• you should’ve never kissed me..

    by  • May 19, 2011 • Smitten, Uncategorized • 0 Comments

    it’s been over a month now since the first time you kissed me. It all seemed so perfect that cold March night. I had no idea it was coming. You followed me outside, we just sat there talking, not thinking anything would happen. I wasn’t expecting anything. I layed down looking at the stars while still engaged in our conversations. You came and laid next to me, put your arm around me and tricked me into falling for you at that very moment. Your cheek brushed mine so softly, it took what seemed like forever for you to finally kiss me, but then it happened and I instantly got butterflies. I replay your face brushing against mine right before you kissed me over and over again. I enjoyed every second of your sweet soft kiss… But where are we now? Barley speaking, awkwardly walking past each other in the halls. It seems like your name comes up all the time now and it kills me. I know nothing about you, nothing at all. Yet I still cannot think of anyone else besides you. I can’t stomach the thought of you even thinking of another girl. What were your intentions that night? Why did you kiss me? Sometimes I really wish you hadn’t; because than I wouldn’t be left here with the pain in my chest everytime you’re name comes to my mind. You have the worst timing. It’s my senior year, my heart shouldn’t be stuck in high school with you.

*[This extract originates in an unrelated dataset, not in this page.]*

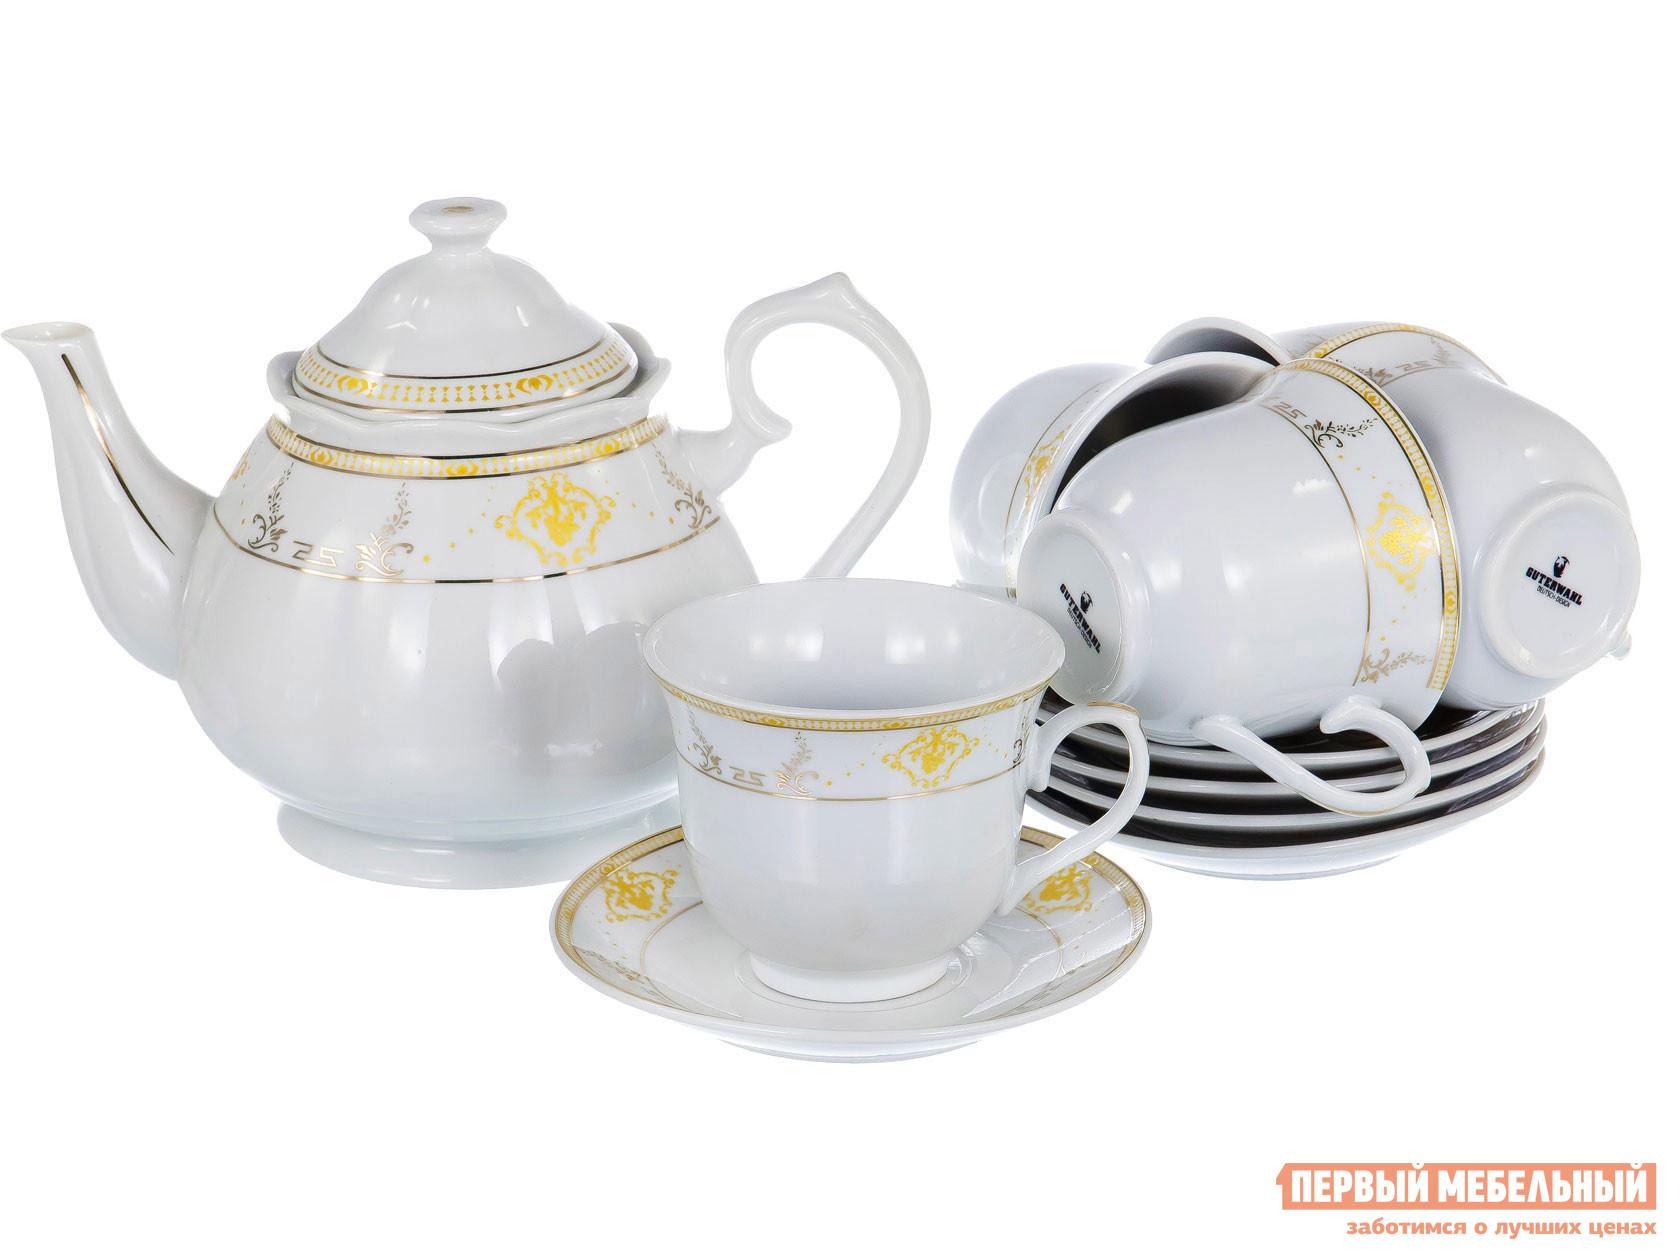 Чайный сервиз Первый Мебельный Сирма

It’s not fair, how could you do this to me? How could I have fallen for you so hard? I like to think that after graduations i’ll be okay, I won’t think you anymore and once I start college three states away next year everything will be different. We’ll both be happy and you’ll just be another boy I crushed on in highschool. I don’t love you, I can’t love you, I barely know you; but everything just seemed to right. You make me feel so right Dan.